5. The node N is labeled with the splitting criterion, which serves as a test at the node (step 7).
 A branch is grown from node N for each of the outcomes of the splitting criterion.
 The tuples in D are partitioned accordingly (steps 10 to 11).
 There are three possible scenarios, as illustrated in Figure below.

 Let A be the splitting attribute.
 A has v distinct values, {a1, a2,..., av }, based on the training data.
1. A is discrete-valued: In this case, the outcomes of the test at node N correspond directly to the
known values of A. A branch is created for each known value, aj , of A and labeled with that value
(Figure a). Partition Dj is the subset of class-labeled tuples in D having value aj of A. (steps 8 and 9).
2. A is continuous-valued: In this case, the test at node N has two possible outcomes, corresponding
to the conditions A ≤ split point and A > split point, respectively, where split point is the split-point
returned by Attribute selection method as part of the splitting criterion. Two branches are grown
from N and labeled according to the previous outcomes (Figure b). The tuples are partitioned such
that D1 holds the subset of class-labeled tuples in D for which A ≤ split point, while D2 holds the
rest.

3. A is discrete-valued and a binary tree must be produced : The test at node N is of the form
“A ∈ SA?,” where SA is the splitting subset for A, returned by Attribute selection method as part of
the splitting criterion. It is a subset of the known values of A. If a given tuple has value aj of A
and if aj ∈ SA, then the test at node N is satisfied. Two branches are grown from N (Figure c). By
convention, the left branch out of N is labeled yes so that D1 corresponds to the subset of class-
labeled tuples in D that satisfy the test. The right branch out of N is labeled no so that D2
corresponds to the subset of class-labeled tuples from D that do not satisfy the test.

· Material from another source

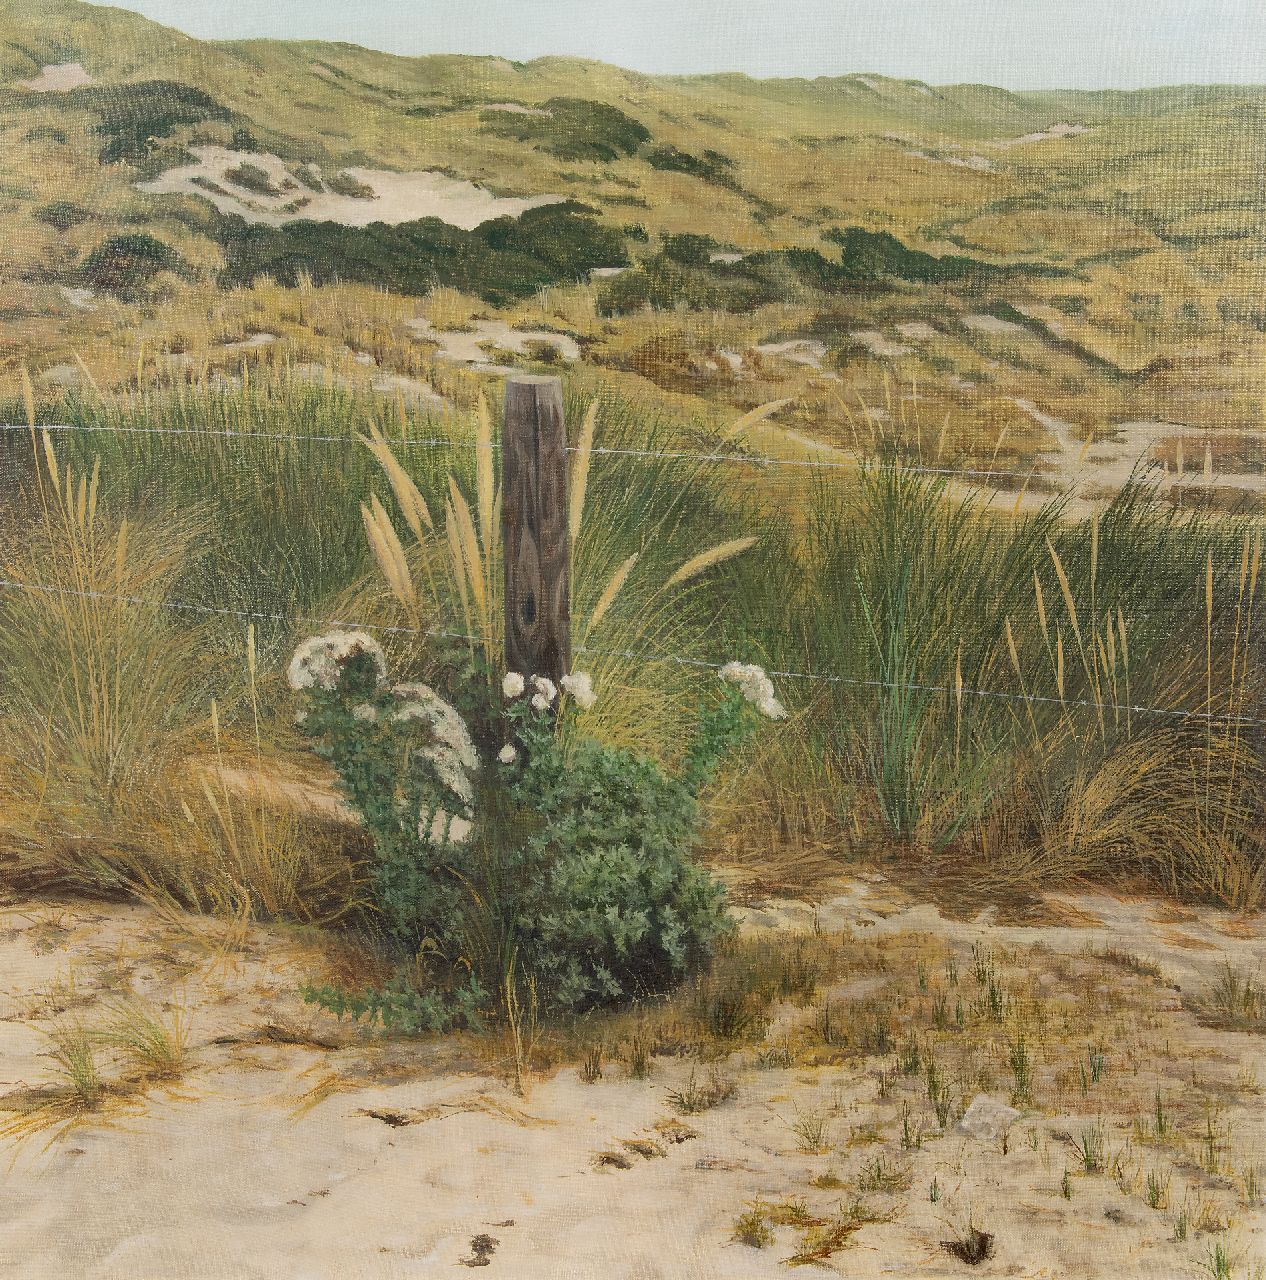 Loo P. van | Pieter 'Pit' van Loo | Paintings offered for sale | Still life in the dunes (Terschelling), oil on canvas 80.1 x 80.4 cm, signed l.r. on paper in the beach grass and dated '75

 The algorithm uses the same process recursively to form a decision tree for the tuples at each
resulting partition, Dj , of D (step 14).
 The recursive partitioning stops only when any one of the following terminating conditions is
true:
1. All the tuples in partition D (represented at node N) belong to the same class (steps 2 and 3).
2. There are no remaining attributes on which the tuples may be further partitioned (step 4). In
this case, majority voting is employed (step 5). This involves converting node N into a leaf and
labeling it with the most common class in D. Alternatively, the class distribution of the node
tuples may be stored.
3. There are no tuples for a given branch, that is, a partition Dj is empty (step 12). In this case, a
leaf is created with the majority class in D (step 13).
 The resulting decision tree is returned (step 15).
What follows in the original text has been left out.